Now, when you eat your food, it doesn't come in immediately either, but regular insulin is too
slow for an average meal.
So most people would have to either inject their insulin early, but that's kind of dangerous.
Imagine you inject your insulin, but your food is late, or you're on a walk and you forget
to eat or, you know, something like that.
If your blood sugar goes too low, you die from low blood sugar immediately.

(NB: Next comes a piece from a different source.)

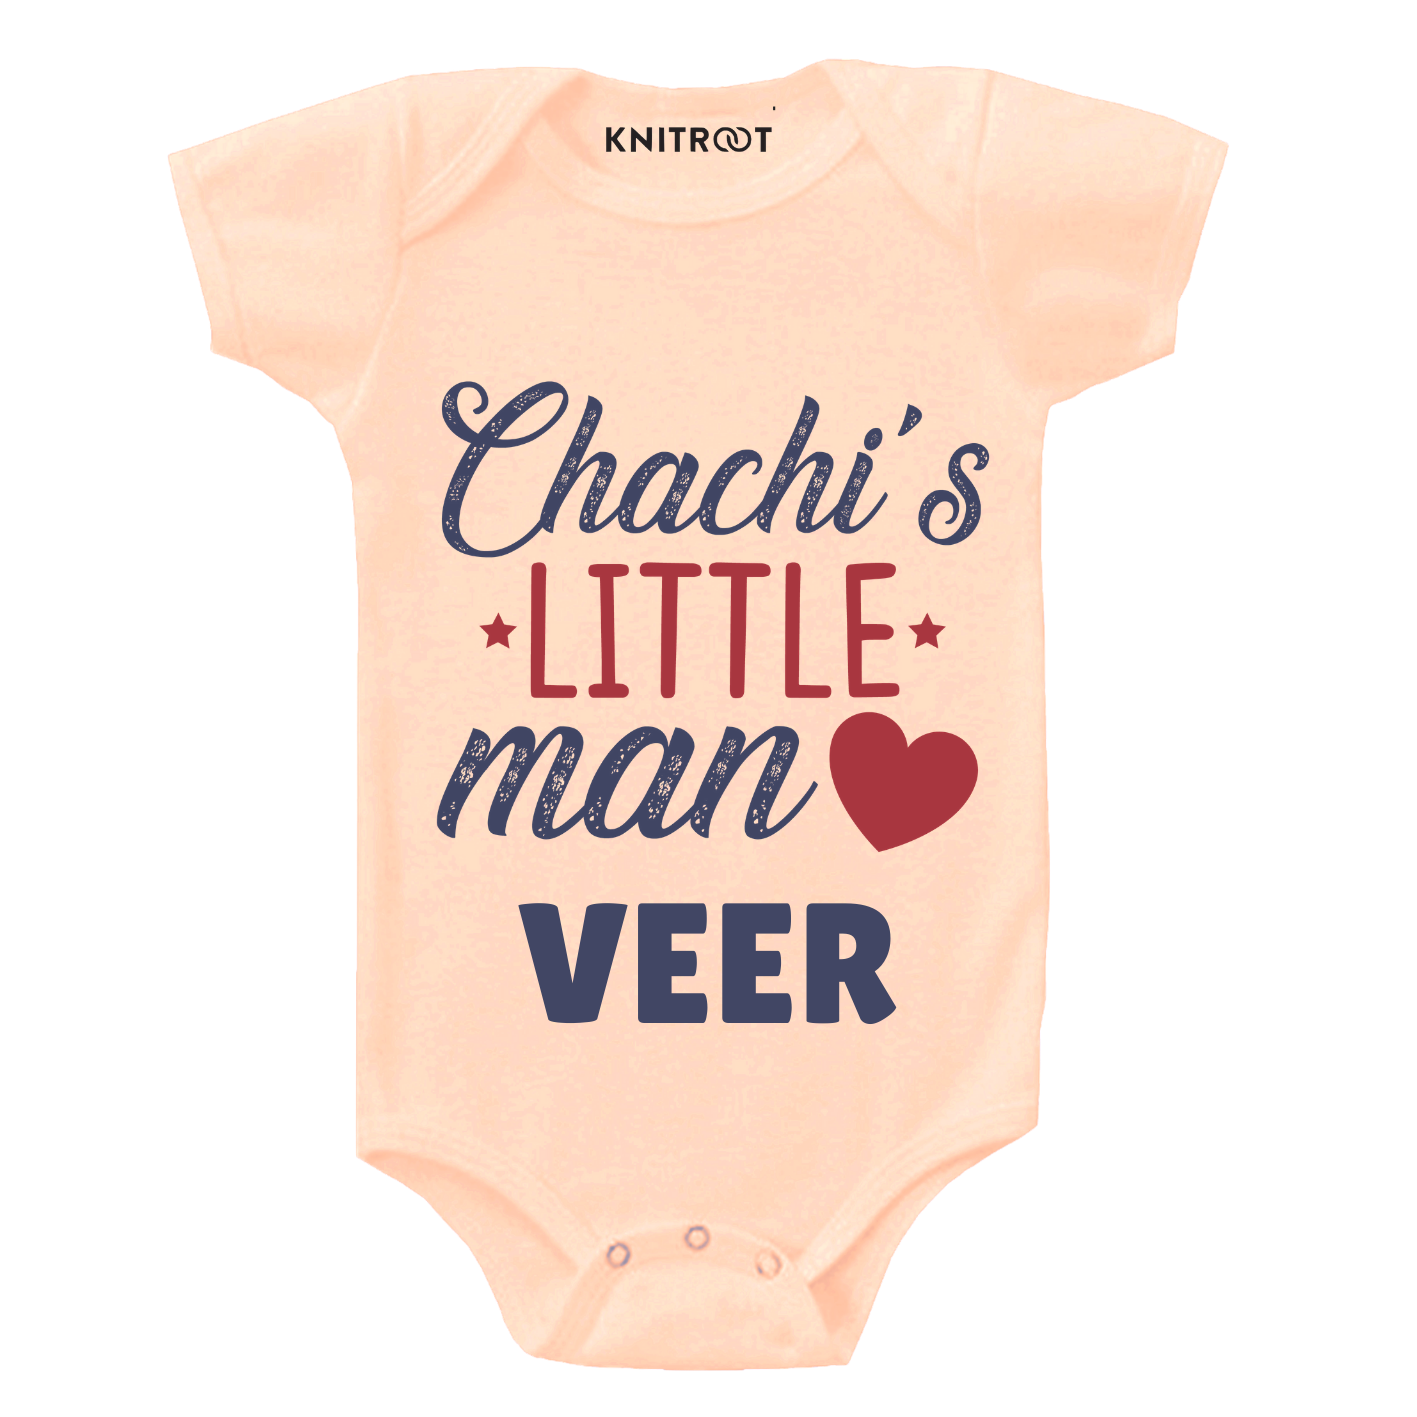 Chachi's Little Man

It's like the most common cause of death in people with type 1 diabetes.
So that's really, really something you have to be careful with.
So having your insulin kinetics not really matching when you need the insulin is both for convenience and basic survival really, really important.
There was a big arms race between Eli Lilly and Novanortis in the 90s to rationally design insulins that had different properties.
And they both succeeded in slightly different ways.
And now you can buy insulin that falls apart more easily.
those dimers on the trimers of the zinc are not as stable, so they fall apart more quickly.
And now when you inject the insulin, it starts to become active within minutes and peaks within an hour,
which matches how people eat much better.
So it's safer and a little bit easier to keep your blood sugar within range.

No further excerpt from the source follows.